The context can be used to retrieve tensors saved during the forward pass. It also has an attribute ctx.needs_input_grad as a tuple of booleans representing whether each input needs gradient. E.g., backward() will have ctx.needs_input_grad[0] = True if the first input to forward() needs gradient computated w.r.t. the output.

static forward(ctx, means, variances, windows)[source]

Performs the operation.

This function is to be overridden by all subclasses.

It must accept a context ctx as the first argument, followed by any number of arguments (tensors or other types).

The context can be used to store tensors that can be then retrieved during the backward pass.

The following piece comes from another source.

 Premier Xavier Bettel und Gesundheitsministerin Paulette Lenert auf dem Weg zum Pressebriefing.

class nnmnkwii.autograd.UnitVarianceMLPG[source]

Special case of MLPG assuming data is normalized to have unit variance.

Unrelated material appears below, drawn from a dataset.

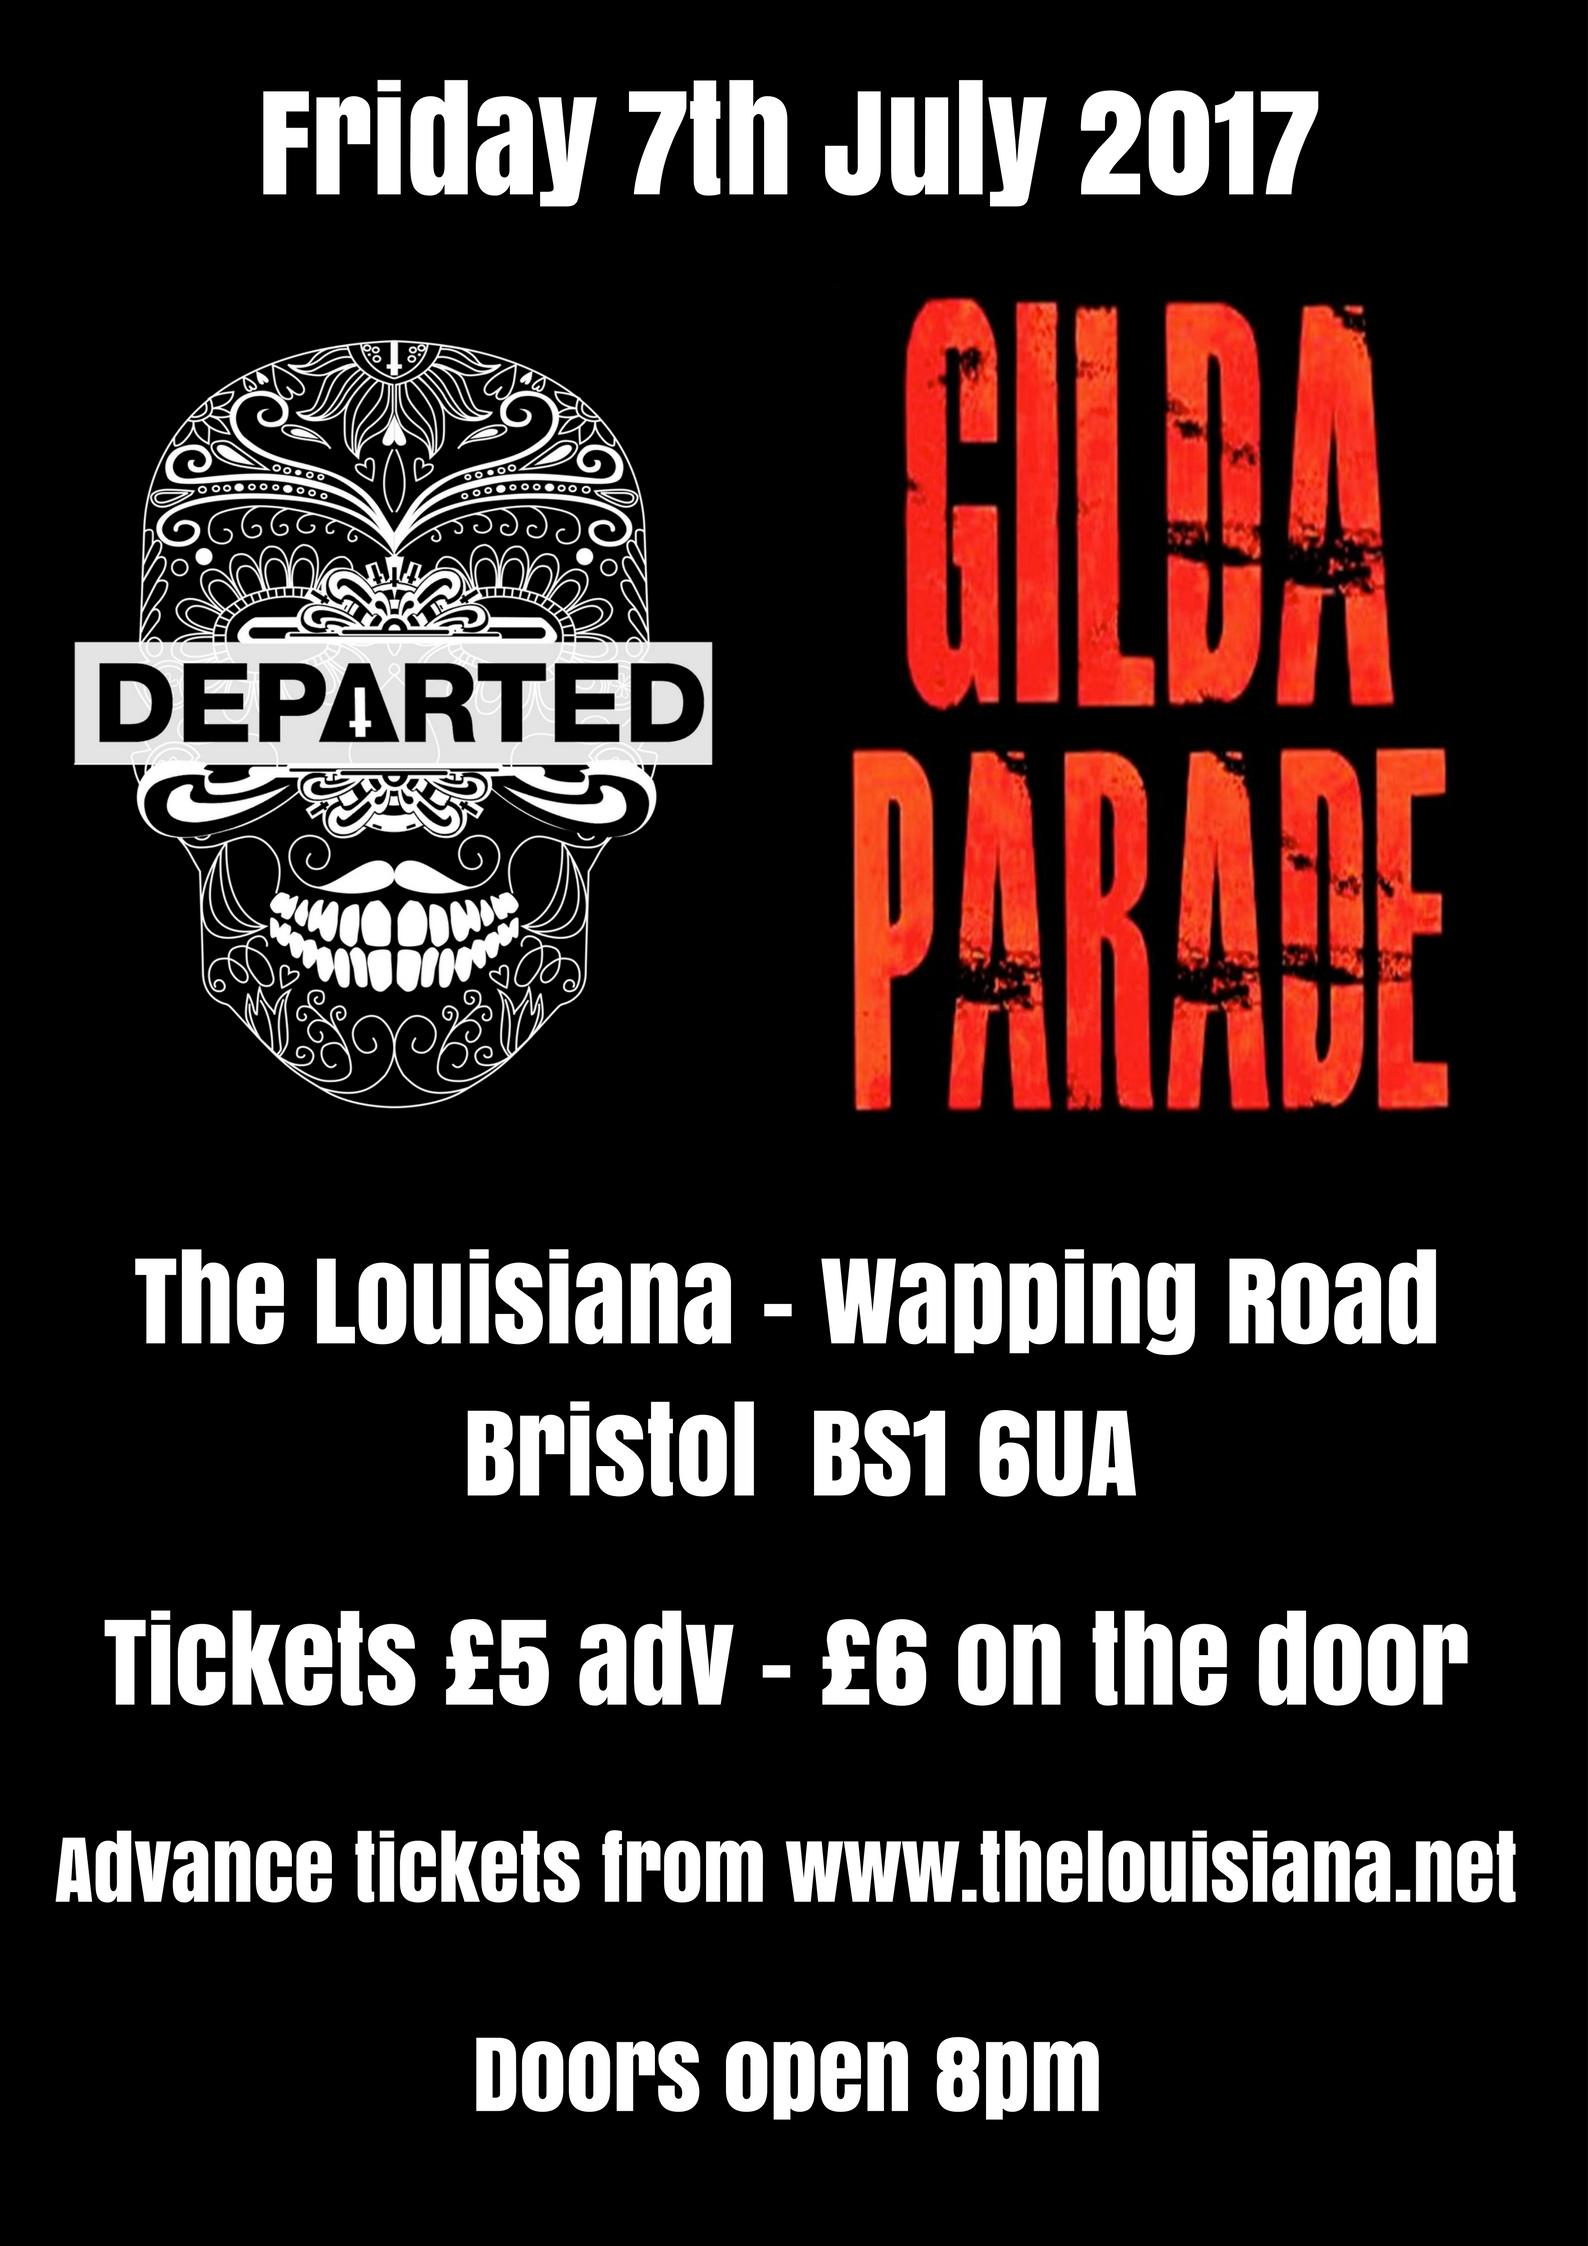 Gilda Parade

f : (T x D) -> (T, static_dim). or f : (T*num_windows, static_dim) -> (T, static_dim).

The funtion is theoretically a special case of MLPG. The function assumes input data is noramlized to have unit variance for each dimention. The property of the unit-variance greatly simplifies the backward computation of MLPG.

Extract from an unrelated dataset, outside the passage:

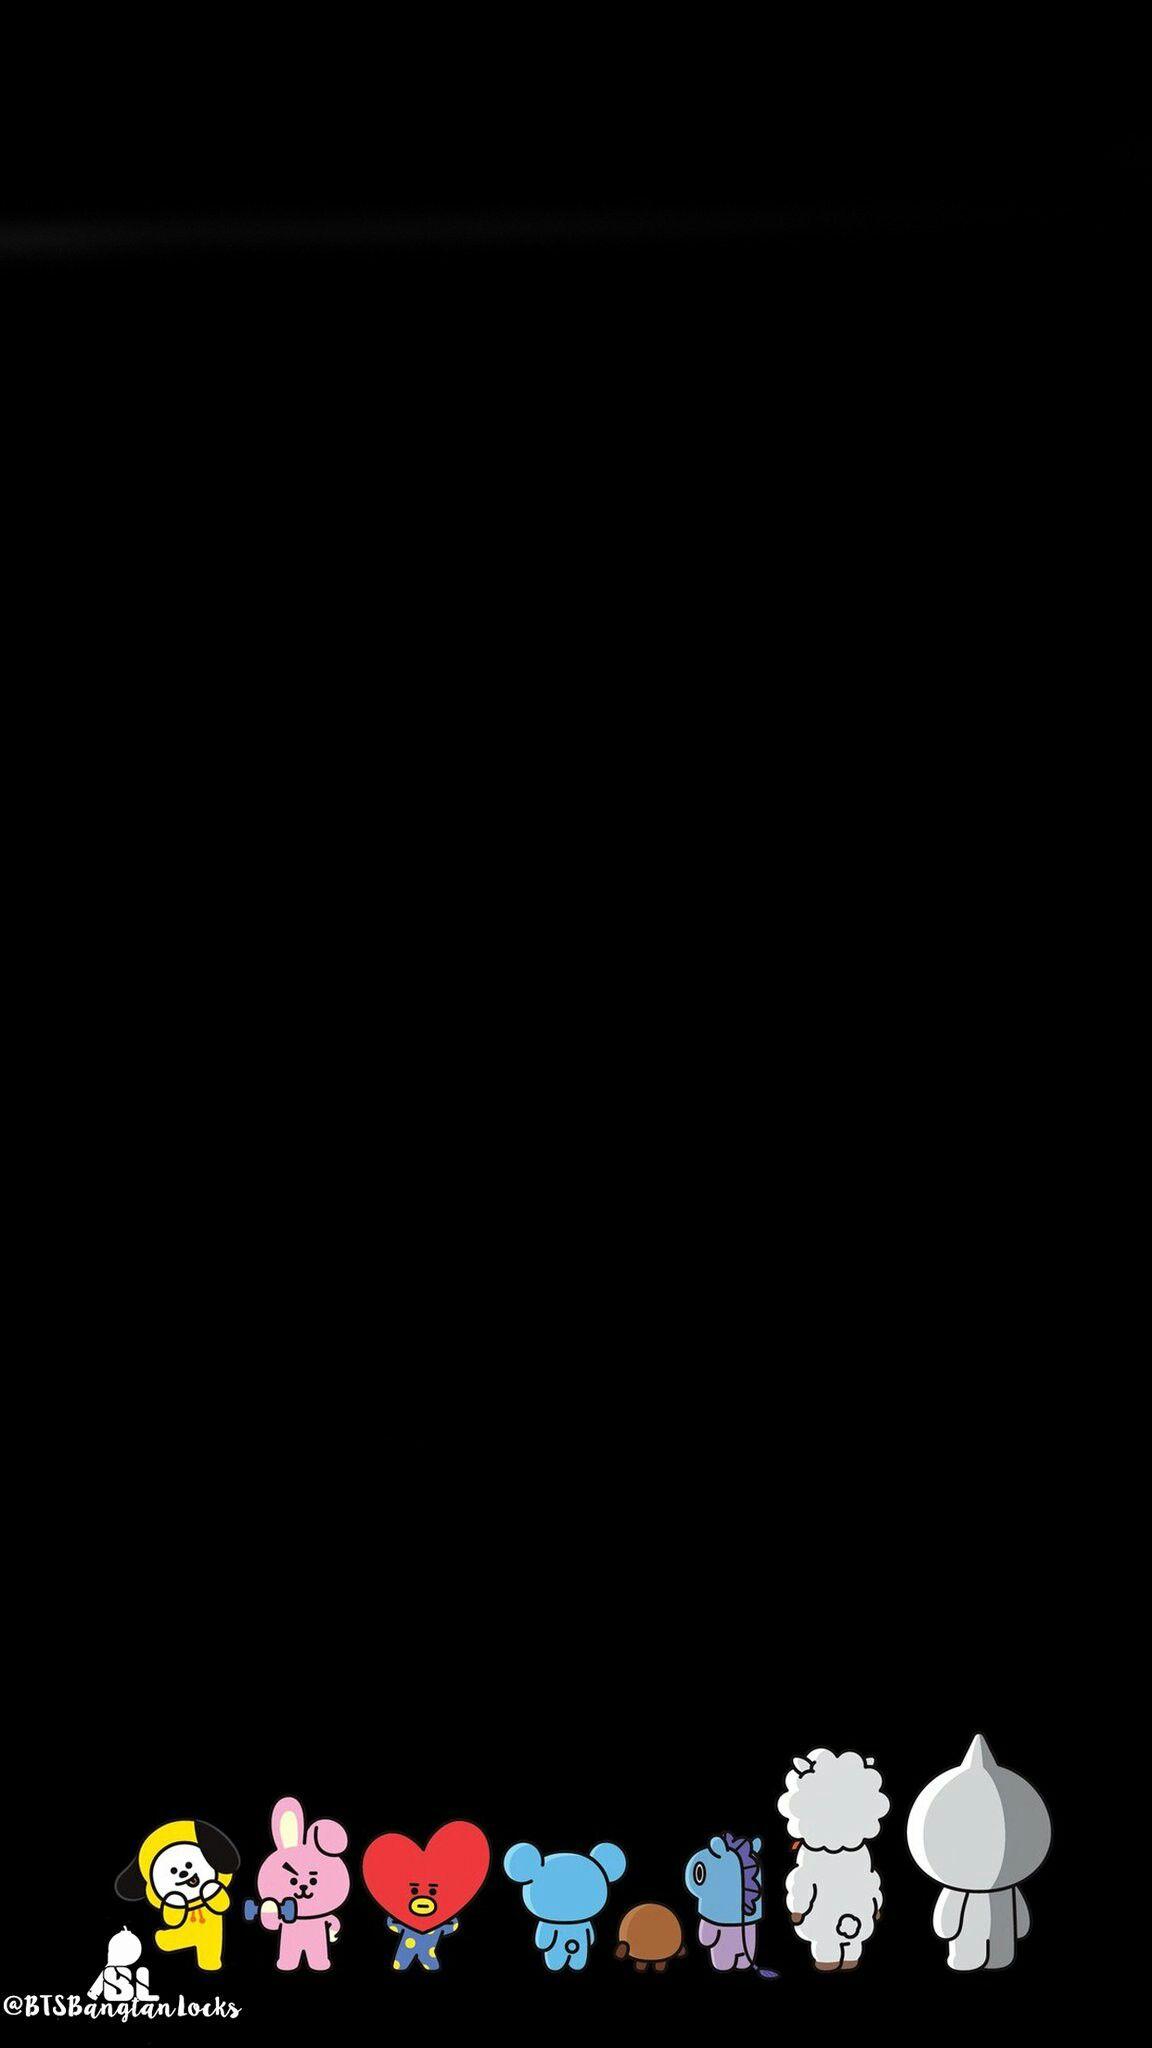 afbf50416cf2cf42fccf9a2057c49c18

Let \(\mu\) is the input mean sequence (num_windows*T x static_dim), \(W\) is a window matrix (T x num_windows*T), MLPG can be written as follows:

\[y = R \mu\]

where

\[R = (W^{T} W)^{-1} W^{T}\]

The matrix R can be computed by nnmnkwii.paramgen.unit_variance_mlpg_matrix().

Parameters

R – Unit-variance MLPG matrix of shape (T x num_windows*T). This should be created with nnmnkwii.paramgen.unit_variance_mlpg_matrix().

static backward(ctx, grad_output)[source]

Defines a formula for differentiating the operation.

This function is to be overridden by all subclasses.

It must accept a context ctx as the first argument, followed by as many outputs did forward() return, and it should return as many tensors, as there were inputs to forward(). Each argument is the gradient w.r.t the given output, and each returned value should be the gradient w.r.t. the corresponding input.

The context can be used to retrieve tensors saved during the forward pass. It also has an attribute ctx.needs_input_grad as a tuple of booleans representing whether each input needs gradient. E.g., backward() will have ctx.needs_input_grad[0] = True if the first input to forward() needs gradient computated w.r.t. the output.

static forward(ctx, means, R)[source]

Performs the operation.

This function is to be overridden by all subclasses.

It must accept a context ctx as the first argument, followed by any number of arguments (tensors or other types).

The context can be used to store tensors that can be then retrieved during the backward pass.

class nnmnkwii.autograd.ModSpec[source]

Modulation spectrum computation f : (T, D) -> (N//2+1, D).

Parameters
static backward(ctx, grad_output)[source]

Defines a formula for differentiating the operation.

This function is to be overridden by all subclasses.

It must accept a context ctx as the first argument, followed by as many outputs did forward() return, and it should return as many tensors, as there were inputs to forward(). Each argument is the gradient w.r.t the given output, and each returned value should be the gradient w.r.t. the corresponding input.

The context can be used to retrieve tensors saved during the forward pass. It also has an attribute ctx.needs_input_grad as a tuple of booleans representing whether each input needs gradient. E.g., backward() will have ctx.needs_input_grad[0] = True if the first input to forward() needs gradient computated w.r.t. the output.

static forward(ctx, y, n, norm)[source]

Performs the operation.

This function is to be overridden by all subclasses.

It must accept a context ctx as the first argument, followed by any number of arguments (tensors or other types).

The context can be used to store tensors that can be then retrieved during the backward pass.